— Entries supplied —
Start of Block
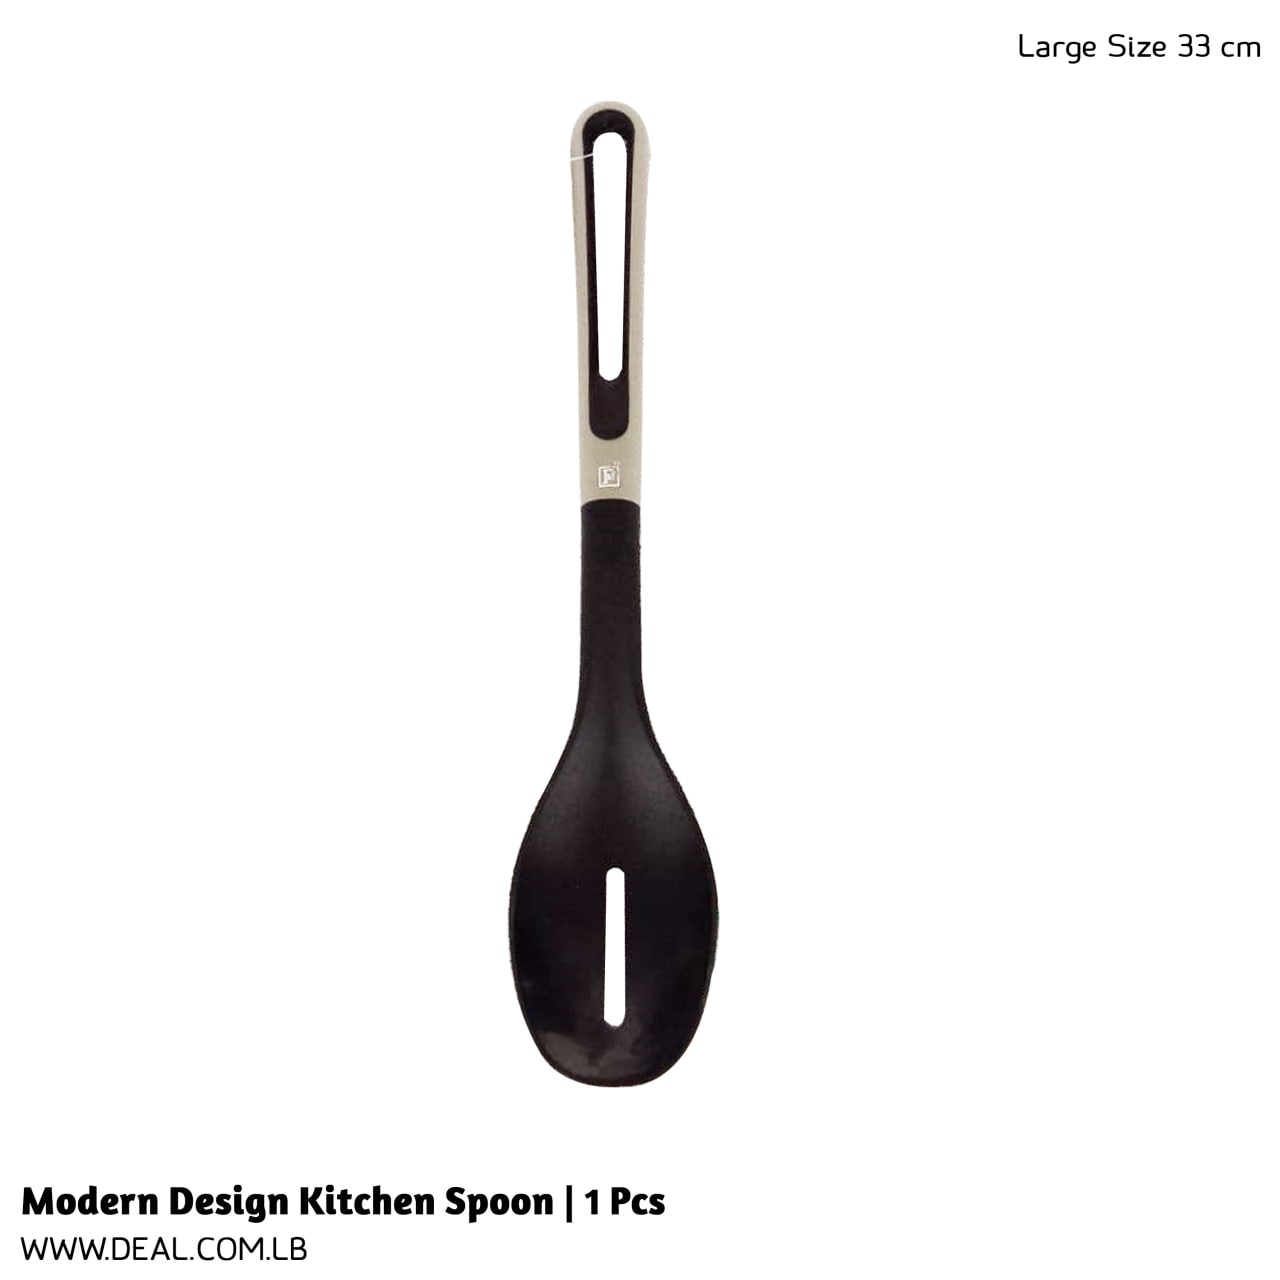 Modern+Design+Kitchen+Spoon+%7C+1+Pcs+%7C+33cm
End of Block
Start of Block
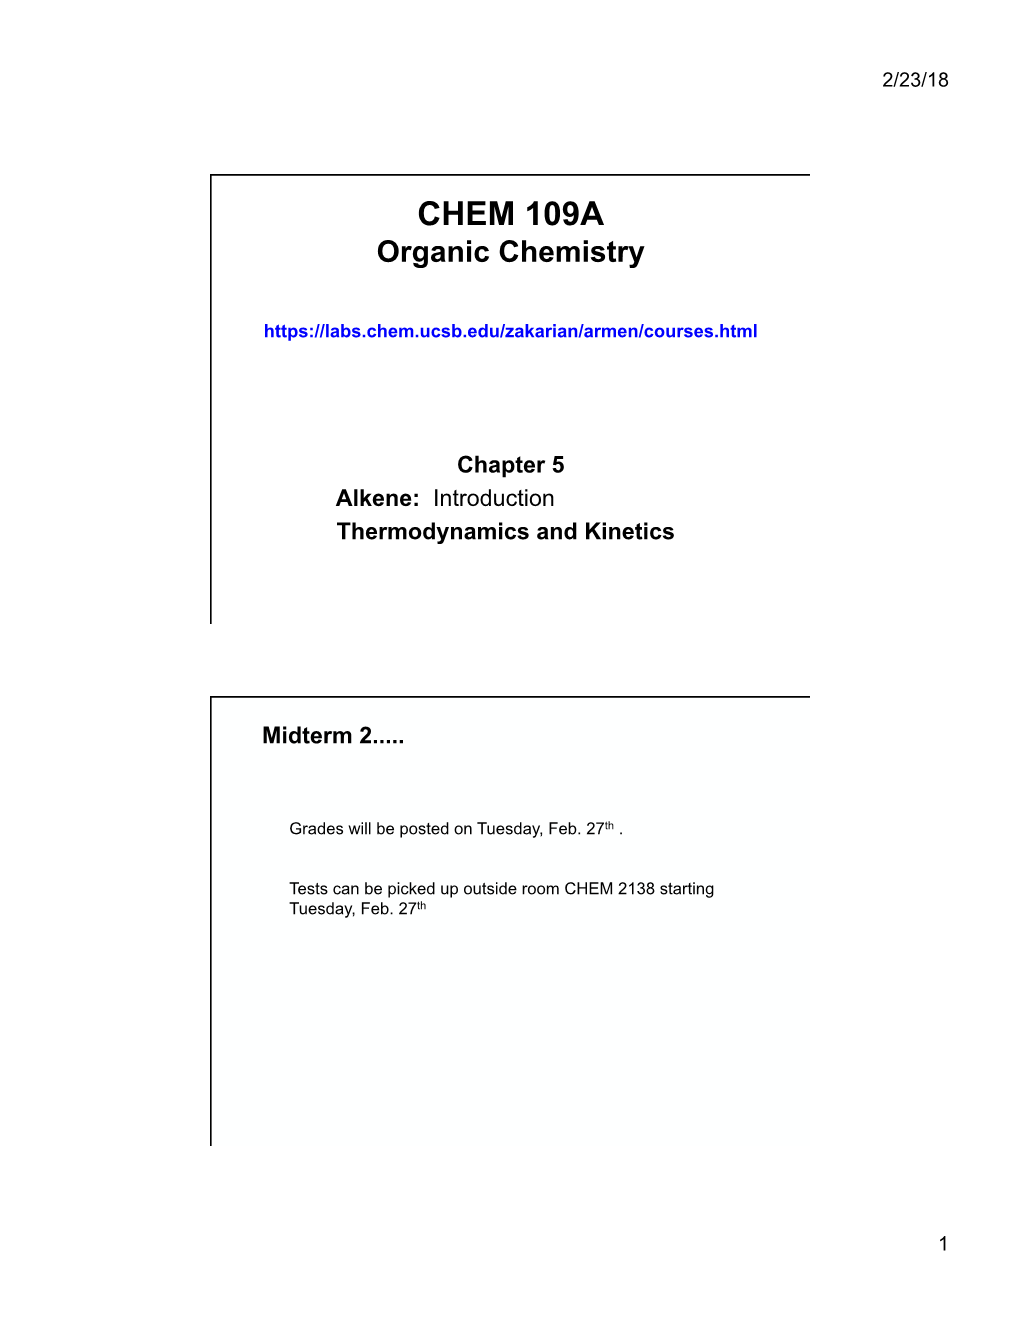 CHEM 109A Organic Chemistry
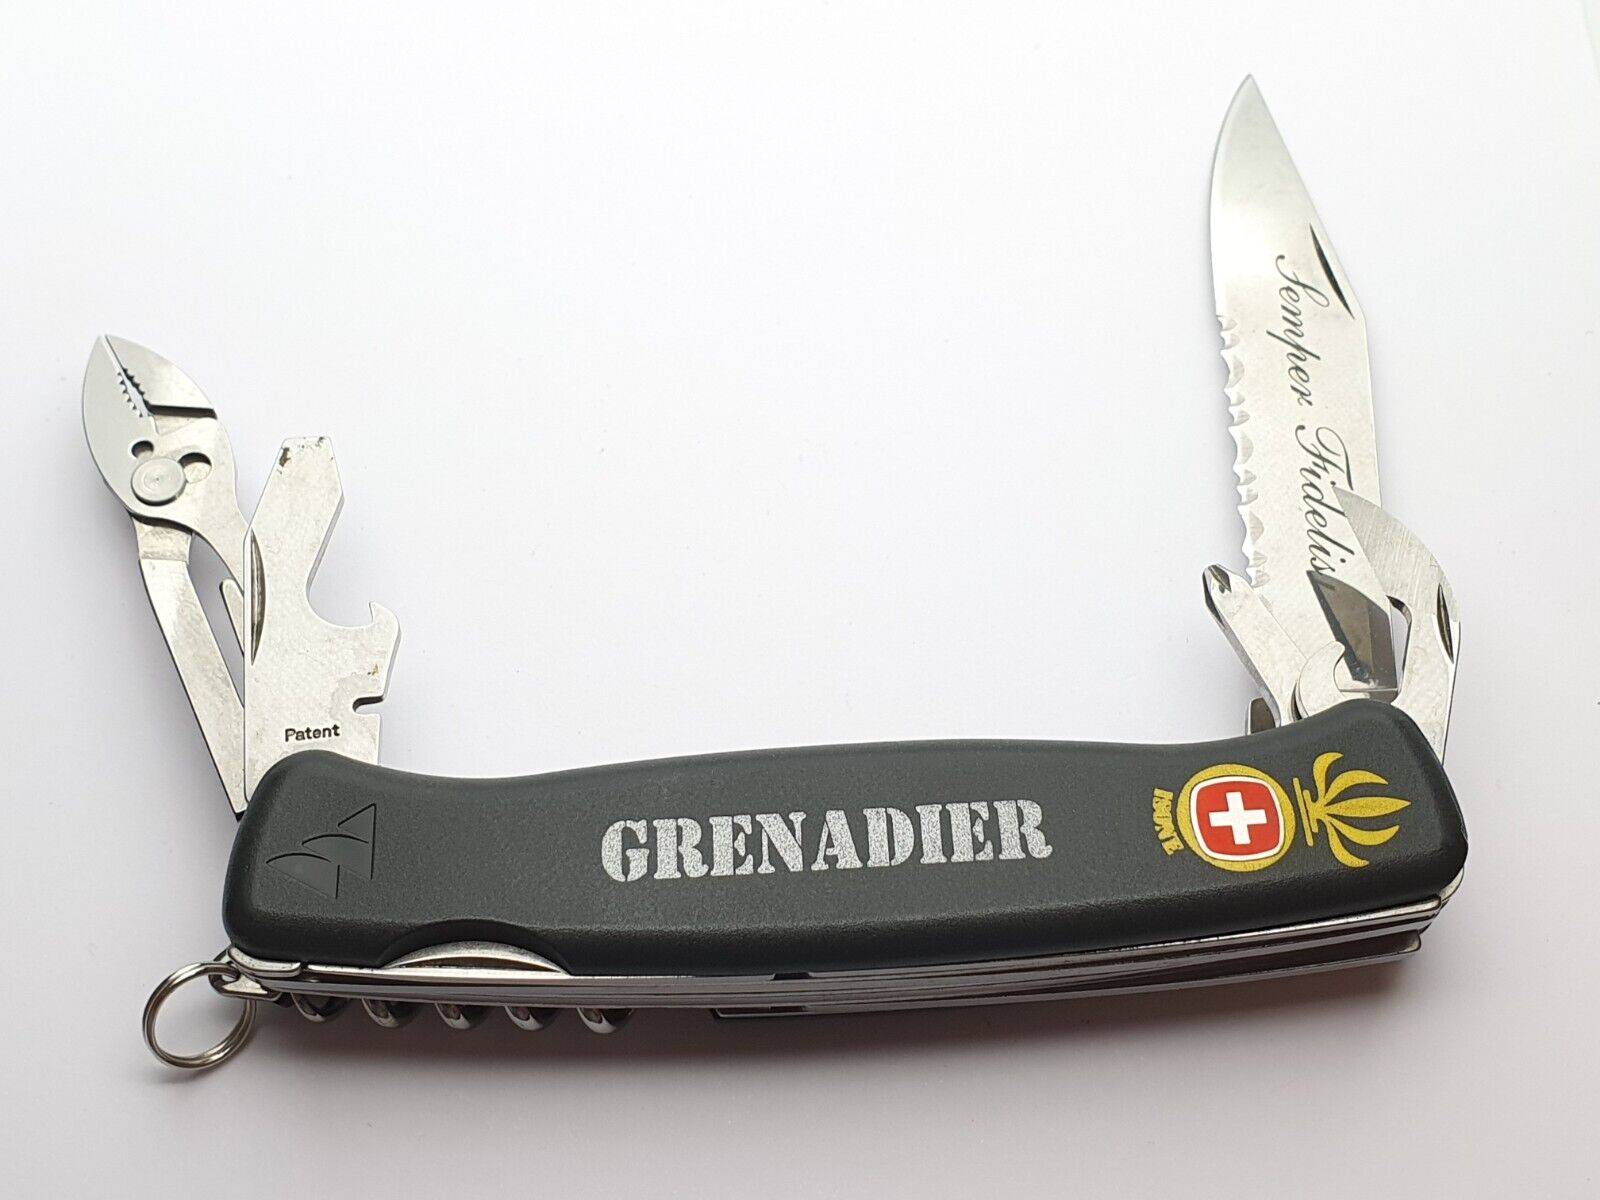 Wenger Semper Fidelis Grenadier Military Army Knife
End of Block
Start of Block
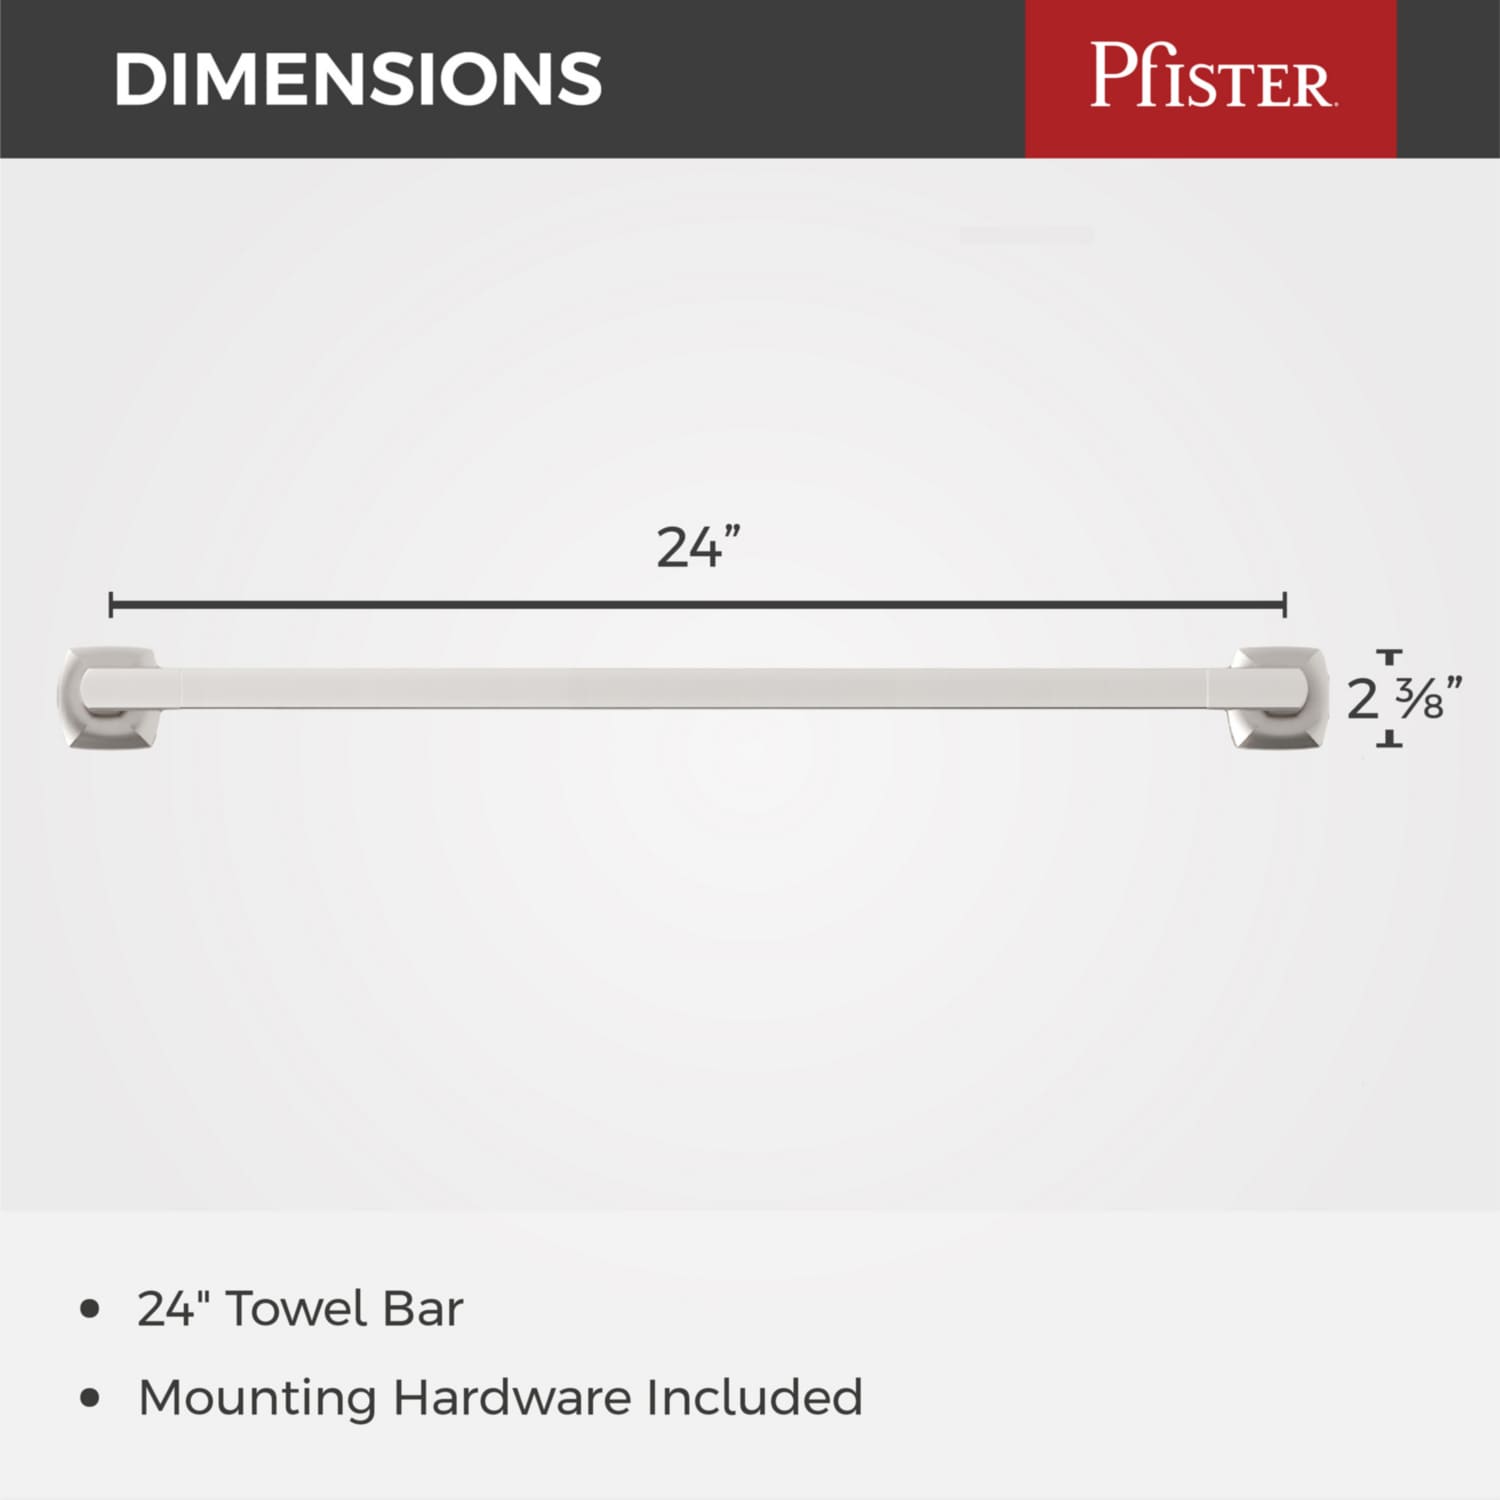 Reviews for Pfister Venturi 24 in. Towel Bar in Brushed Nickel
End of Block
Your reply should hold nothing but the lines above, from the one containing "CHEM 109A Organic Chemistry" to the one containing "Wenger Semper Fidelis", reproduced exactly minus the pictures.

 CHEM 109A Organic Chemistry
 Wenger Semper Fidelis Grenadier Military Army Knife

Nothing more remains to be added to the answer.